I don't understand. At ANALYZE time isn't, all other parameters being equal and adequate (costs, GEQO at max, effective_cache_size ...), the probability of obtaining a representative set of columns better with a larger amount of randomly-selected values? Then at planning time isn't the the devised plan of better quality?
Adding sampled values may be bad performance-wise, for example if the planner cannot take everything into account due to some margin/interval effect, and therefore produces the same plan using a bigger set of values. The random selection process may also, sometimes, select less-representative data in the biggest analyzed set. But how may it never lead to the best plans (which may be produced using a smaller analyzed set) or lead to (on average) worse plans?
First, your point about planning time is important, thanks for adding that.
Regarding my point, it's possible that the planner may provide a better (on average, faster executed) plan for a given key, if that key is not found in stats, and that keys for which this is true may fit a pattern within the middle of the stats distribution. It all depends on the database schema and stats distributions.

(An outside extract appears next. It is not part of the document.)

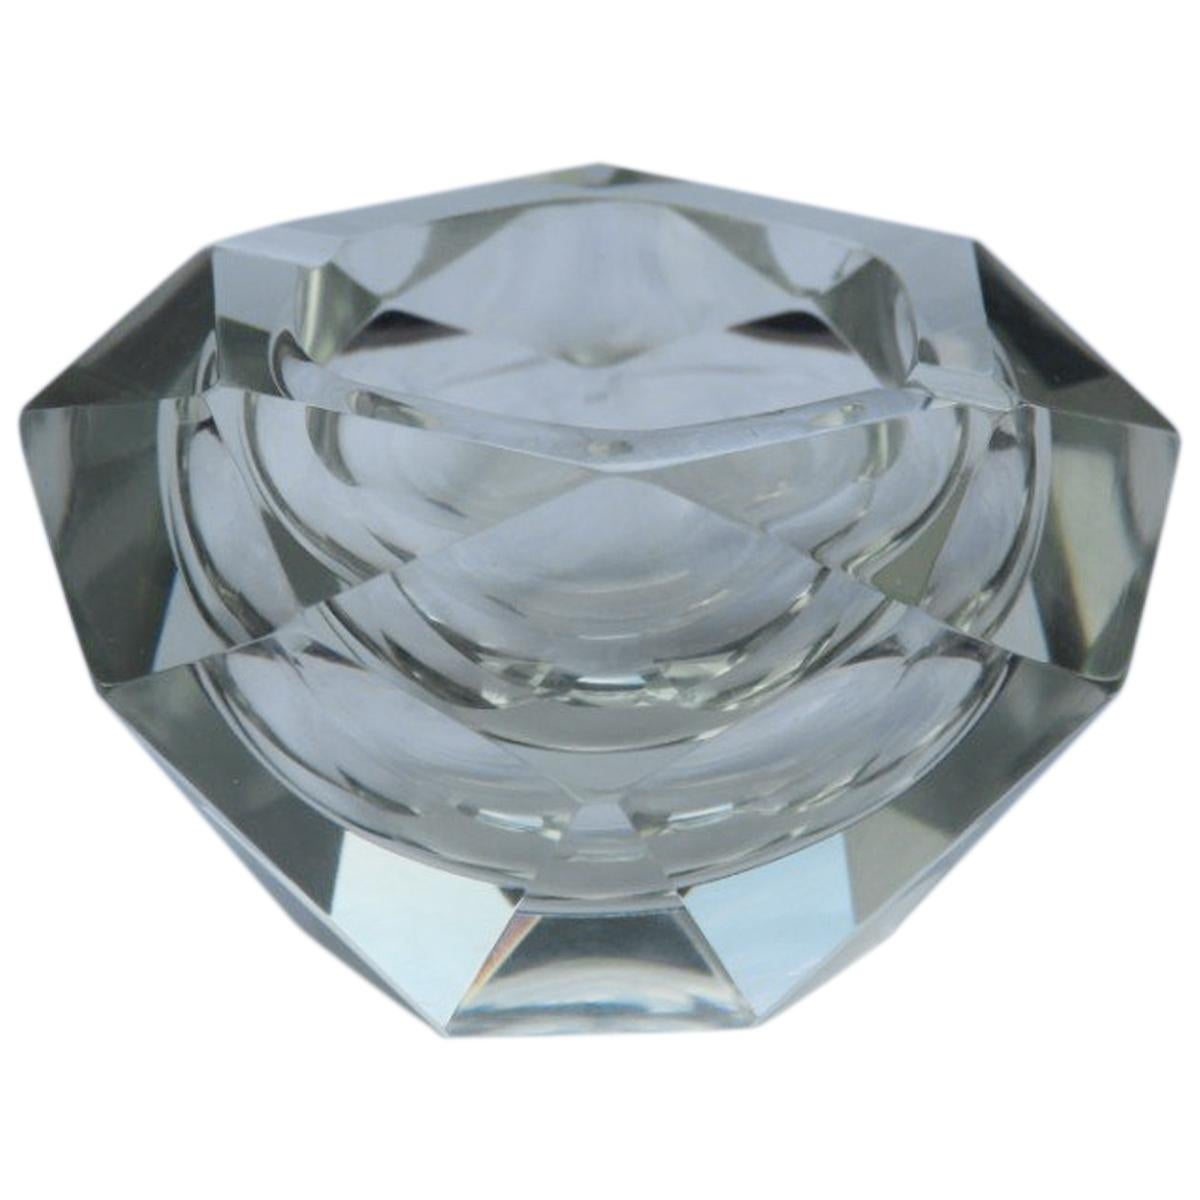 Diamond Shaped Ashtray Shining Italy Design 1960s Transparent Glass

Adding sampled values may be bad performance-wise, for example if the planner cannot take everything into account due to some margin/interval effect, and therefore produces the same plan using a bigger set of values. The random selection process may also, sometimes, select less-representative data in the biggest analyzed set. But how may it never lead to the best plans (which may be produced using a smaller analyzed set) or lead to (on average) worse plans?